The entries shown here must be retyped in full, with no pictures included.

**GIVEN RECORDS**
________________
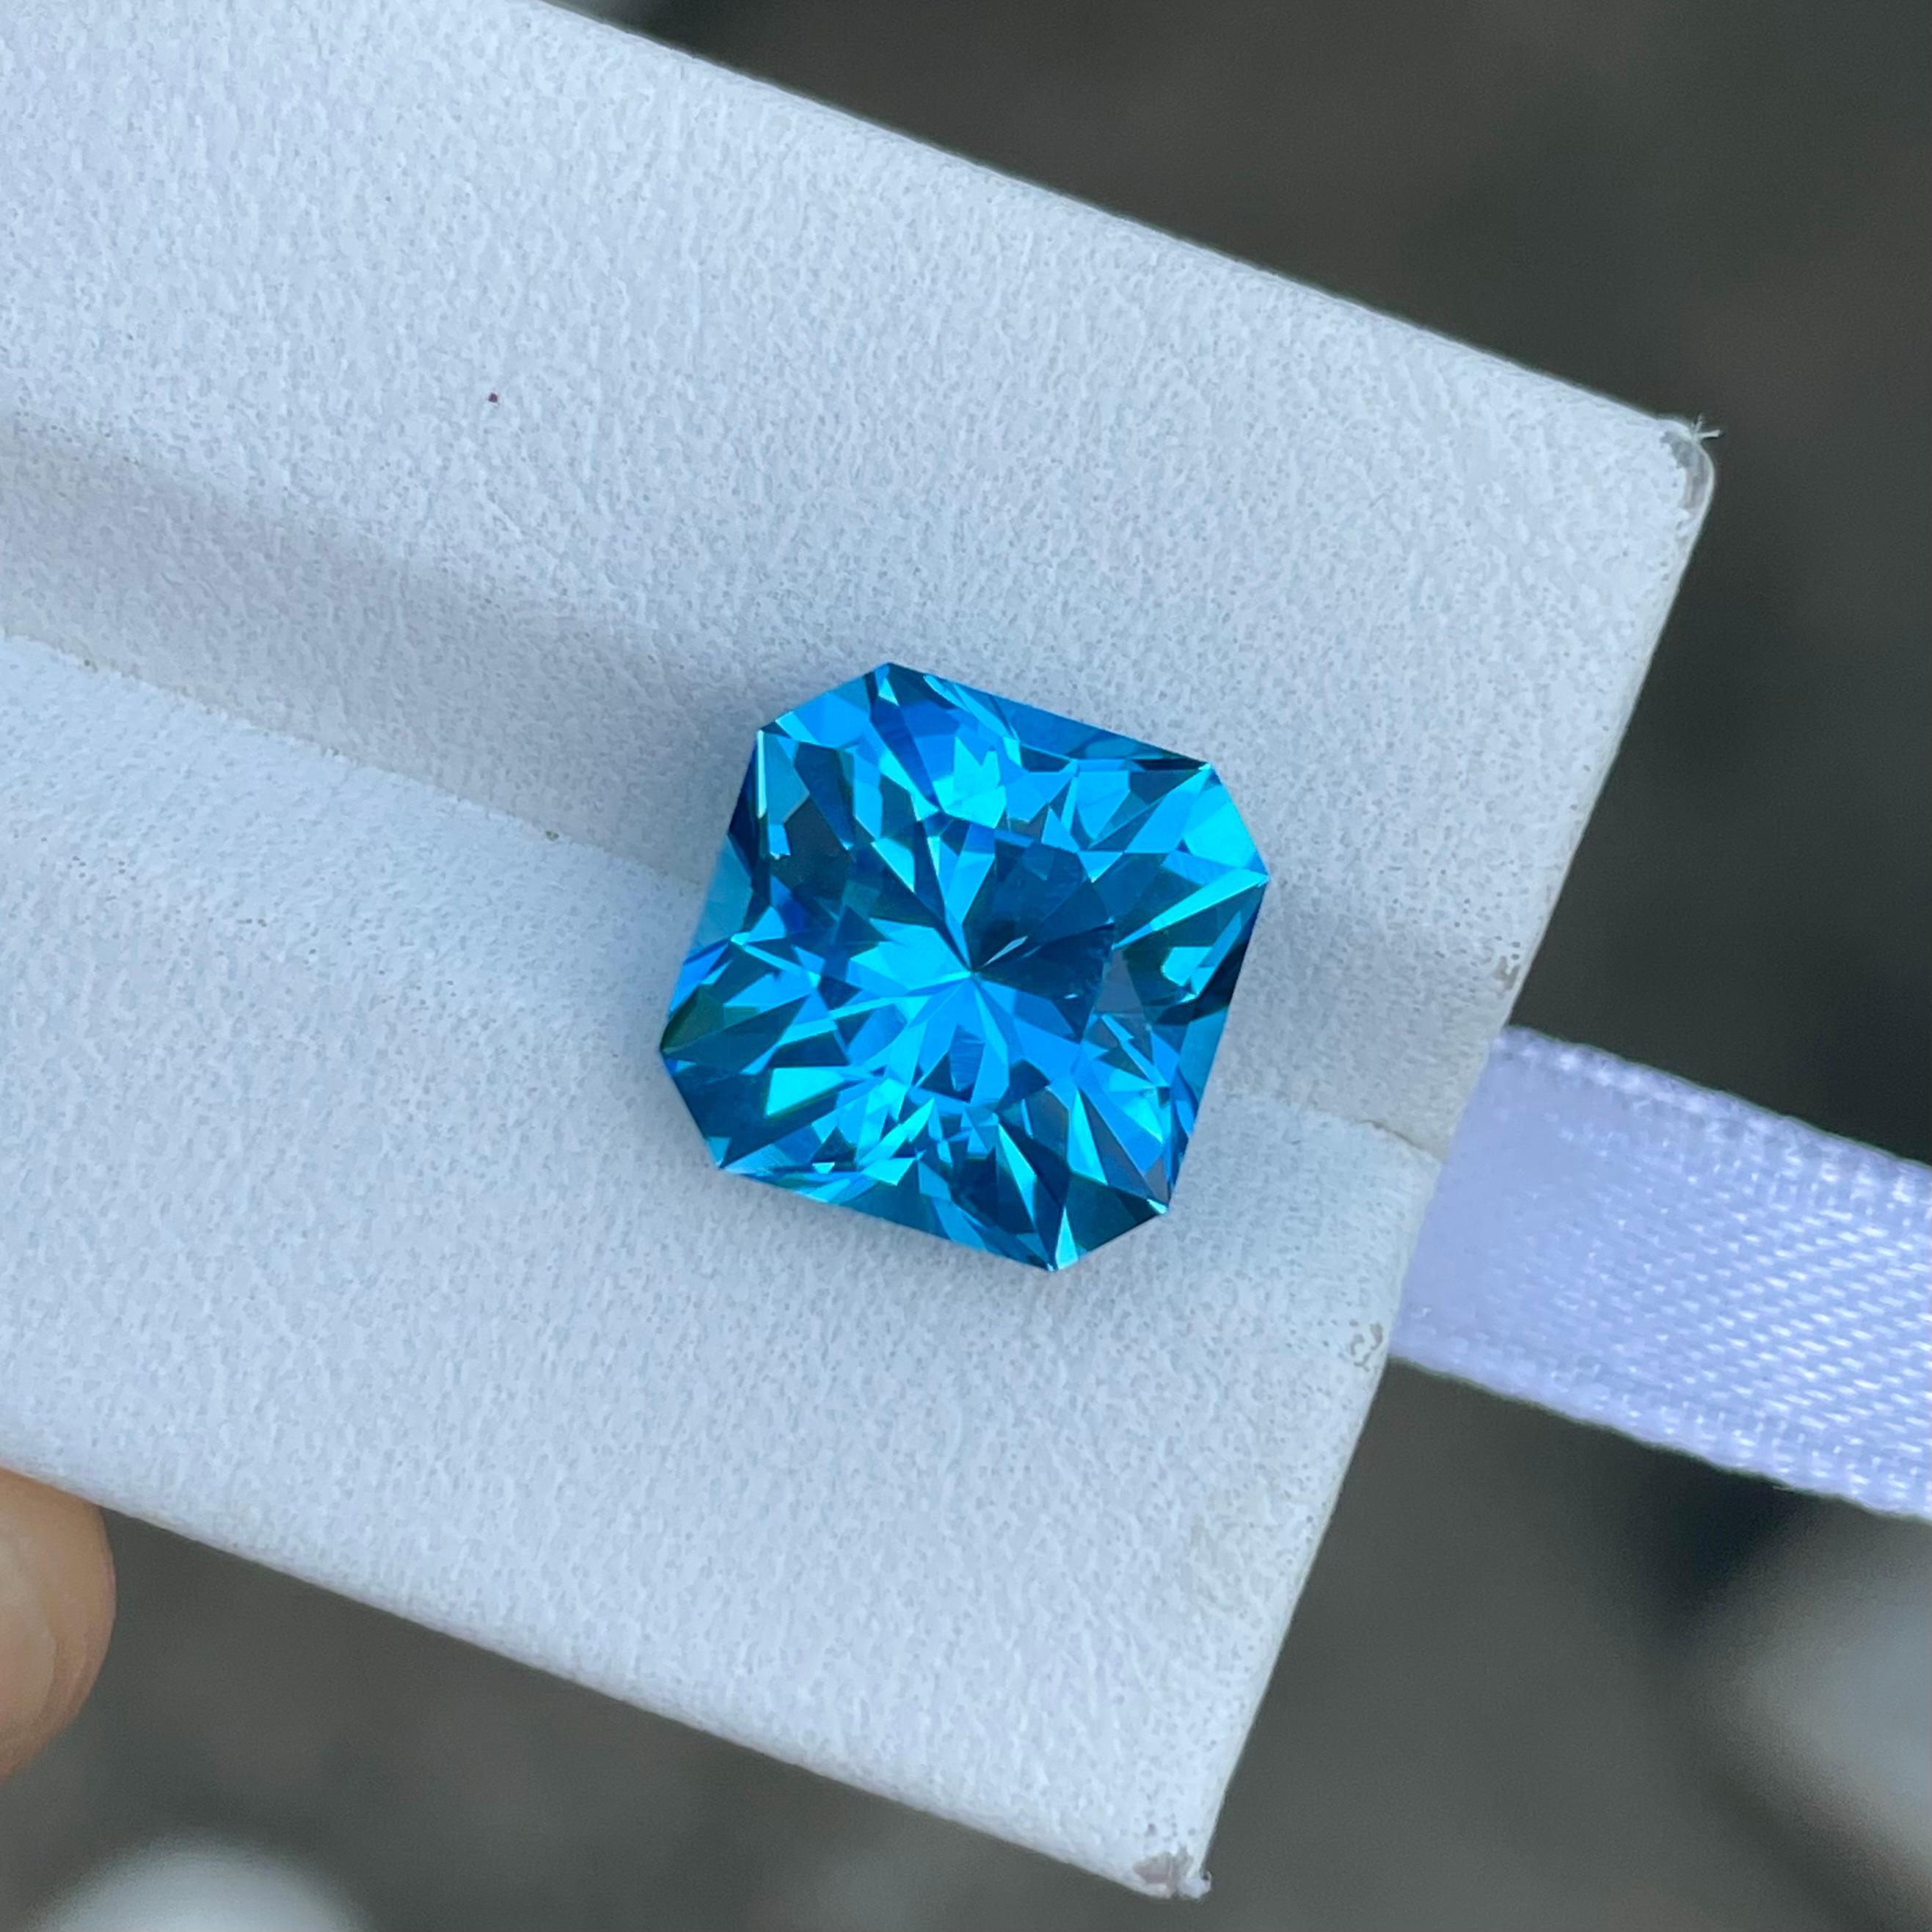 Weight 6.85 carats 
Dimensions 10.7 x 10.6 x 7.7 mm
Treatment Heated 
Origin Madagascar 
Clarity Loupe Clean 
Shape Octagon 
Cut Custom Precision



Elevate your jewelry collection with the exquisite charm of our Neon Blue Topaz. This dazzling
________________
**WRITTEN ANSWER**
 Weight 6.85 carats 
Dimensions 10.7 x 10.6 x 7.7 mm
Treatment Heated 
Origin Madagascar 
Clarity Loupe Clean 
Shape Octagon 
Cut Custom Precision



Elevate your jewelry collection with the exquisite charm of our Neon Blue Topaz. This dazzling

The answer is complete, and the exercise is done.